Classical AI vs. LLMs for Decision-Maker Alignment in Health Insurance Choices
Mainali, Mallika, Sureshbabu, Harsha, Sen, Anik, Rauch, Christopher B., Reifsnyder, Noah D., Meyer, John, Turner, J. T., Floyd, Michael W., Molineaux, Matthew, Weber, Rosina O.
As algorithmic decision-makers are increasingly applied to high-stakes domains, AI alignment research has evolved from a focus on universal value alignment to context-specific approaches that account for decision-maker attributes.
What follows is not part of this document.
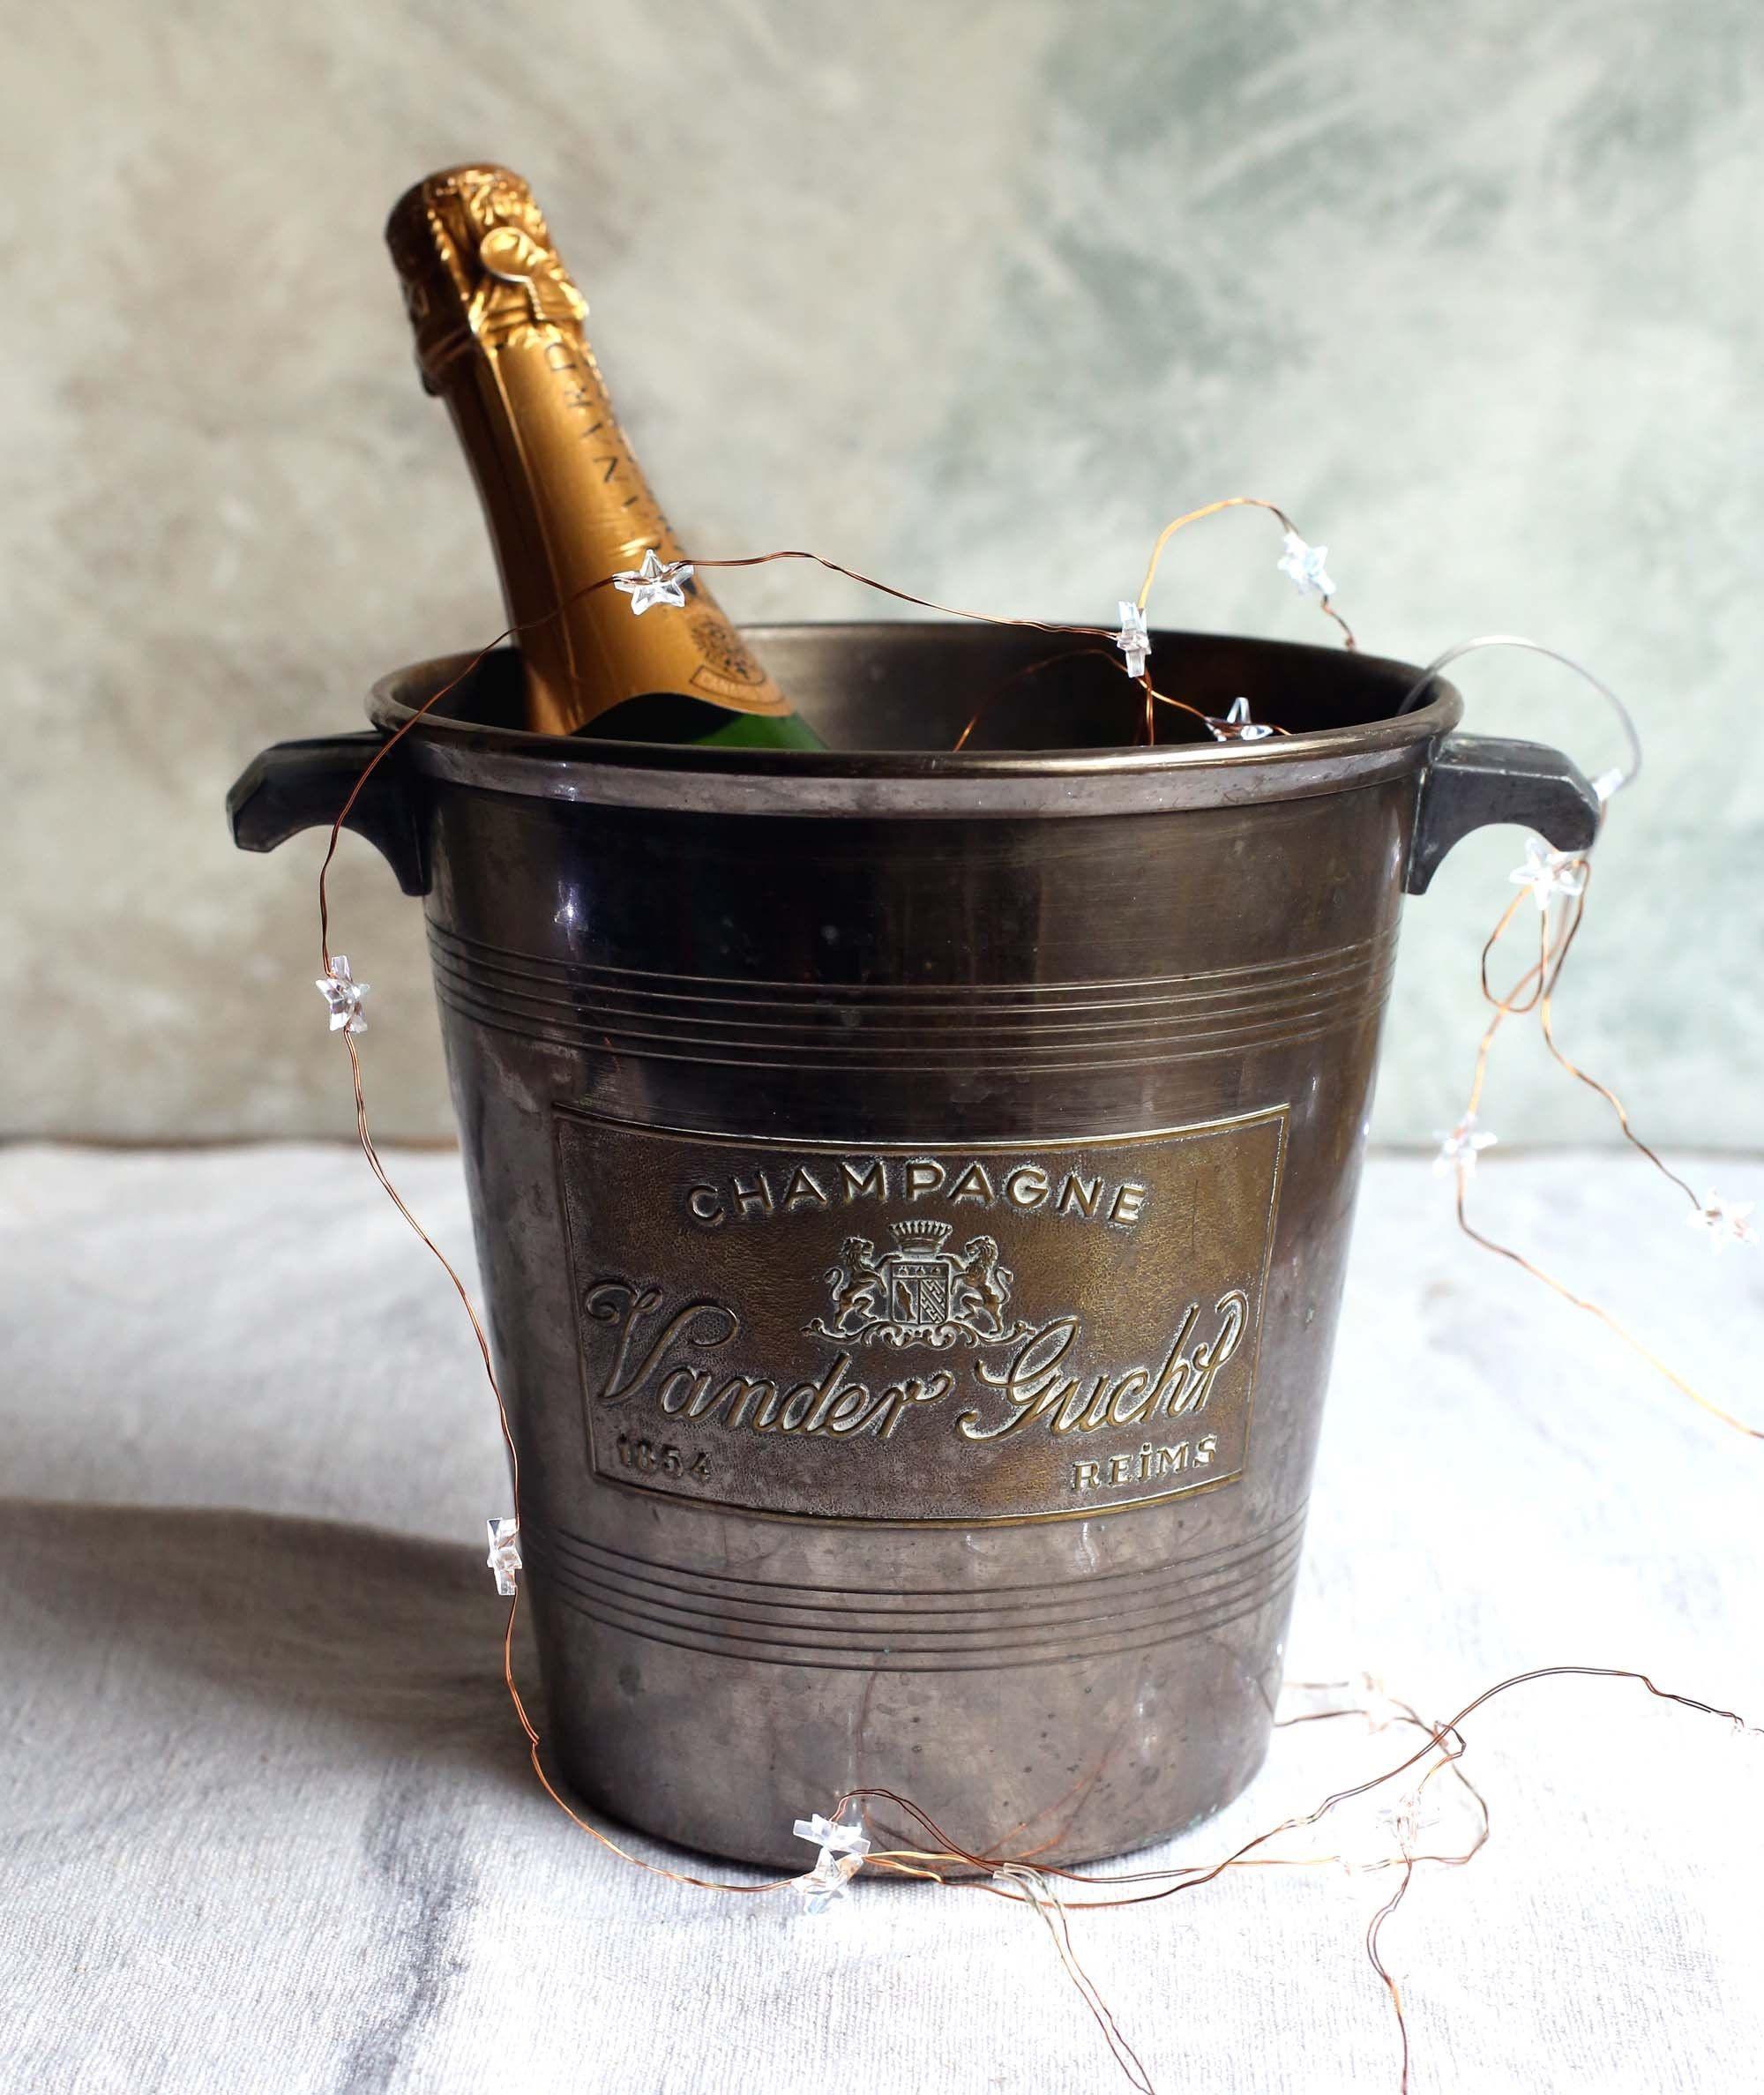 Antique French Chrome Champagne Bucket Wine Cooler Ice Bucket Art Deco Champagne Vander Gucht Vintage Barware Ice Bucket Champagne Buckets Large Ice Bucket

Prior work on Decision-Maker Alignment (DMA) has explored two primary strategies: (1) classical AI methods integrating case-based reasoning, Bayesian reasoning, and naturalistic decision-making, and (2) large language model (LLM)-based methods leveraging prompt engineering. While both approaches have shown promise in limited domains such as medical triage, their generalizability to novel contexts remains underexplored. In this work, we implement a prior classical AI model and develop an LLM-based algorithmic decision-maker evaluated using a large reasoning model (GPT -5) and a non-reasoning model (GPT -4) with weighted self-consistency under a zero-shot prompting framework, as proposed in recent literature. We evaluate both approaches on a health insurance decision-making dataset annotated for three target decision-makers with varying levels of risk tolerance (0.0, 0.5, 1.0). In the experiments reported herein, classical AI and LLM-based models achieved comparable alignment with attribute-based targets, with classical AI exhibiting slightly better alignment for a moderate risk profile.